Otherwise, no. I’m, we live in a mobile home, it’s not going upstairs or anything so half the time I’m laid, I’m in bed and I get up and we’ve got a recliner so I can put my leg up then.
So, it’s, yeah, and I can’t sit really on a chair because it just, at the back of the knee it’s just so, so painful, I just have to elevate my leg all the time, yeah.
Linda X, who had COPD, had never had an operation before and she was worried that lying flat would make it harder to breathe.
Linda X, who had COPD, had never had an operation before and she was worried that lying flat would make it harder to breathe.
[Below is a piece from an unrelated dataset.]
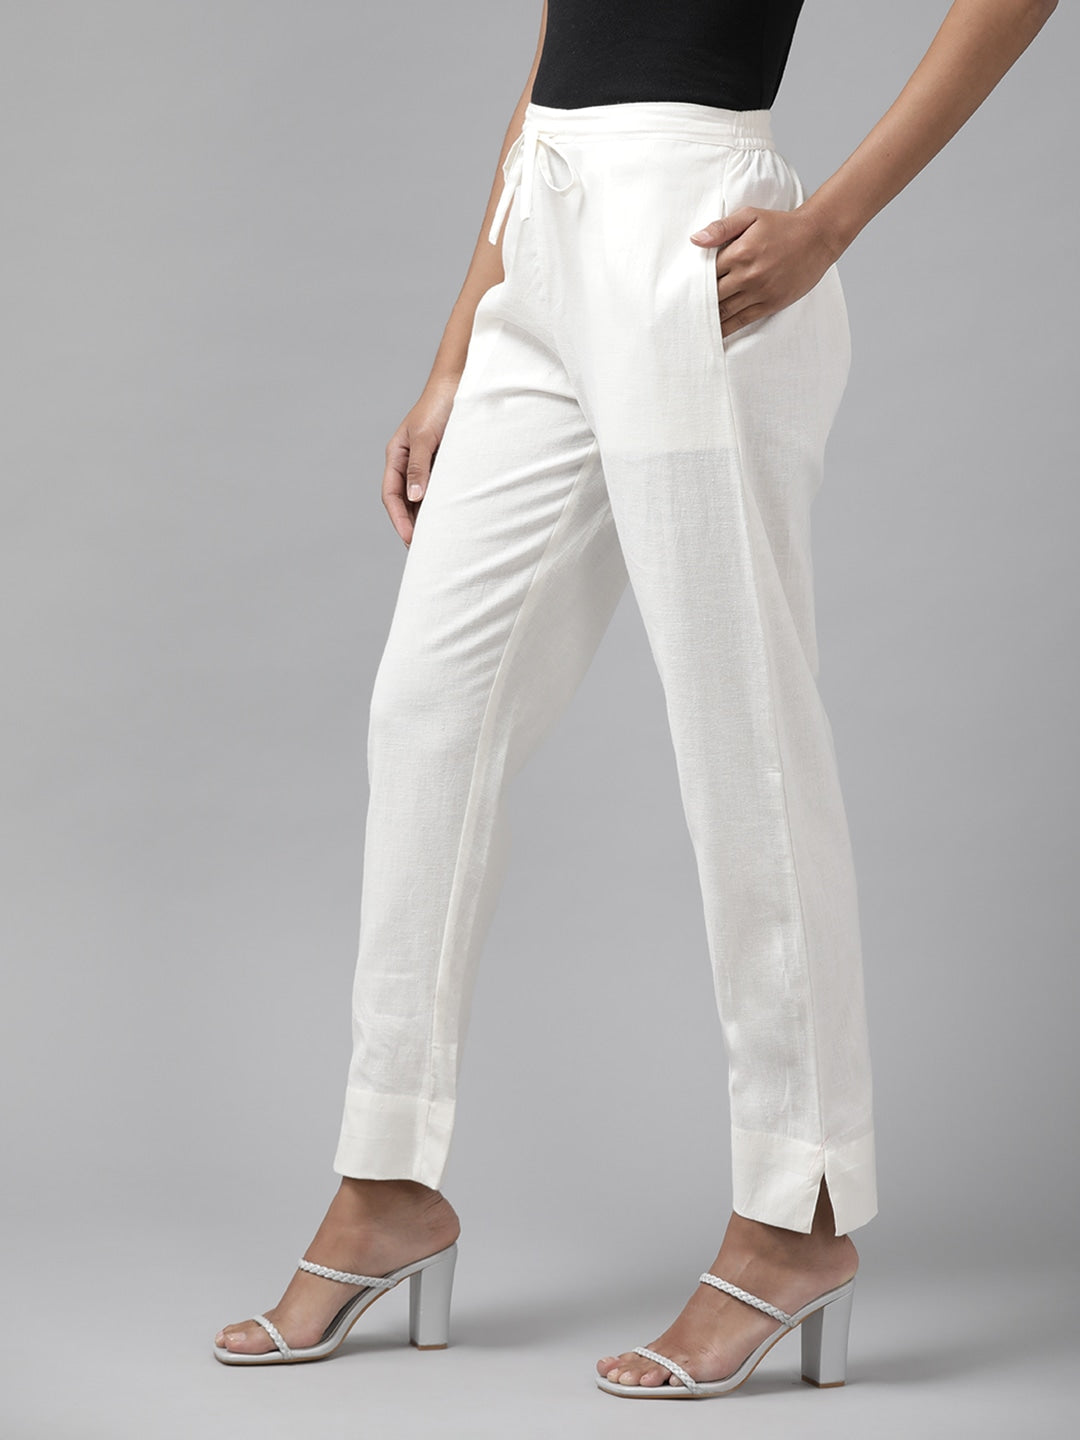 White Cotton Fit Trousers-Yufta Store-4206PNTWHS

[Sigh] well it’s more the COPD, if, if I have to go for this operation, oh, please don’t lay me flat [laughs]. That, that worries me very much and I’m a bit scared because I’ve never had an operation before.
So, it’s more or less just, just my breathing I think, and I’m just frightened because at the moment you can’t have anybody with you.
Yeah, at my age, I’m a bit scared. Yeah. I’d be on my own and I have not sort of had an operation in that sense. I had a D&C donkey’s years ago. It was a different thing altogether.
You know, and that’s the only time, except having the girls, yeah. I think that might be it. And if I have to lay flat, but I keep being told you’ll get an epidural. Because of your breathing, because you have COPD.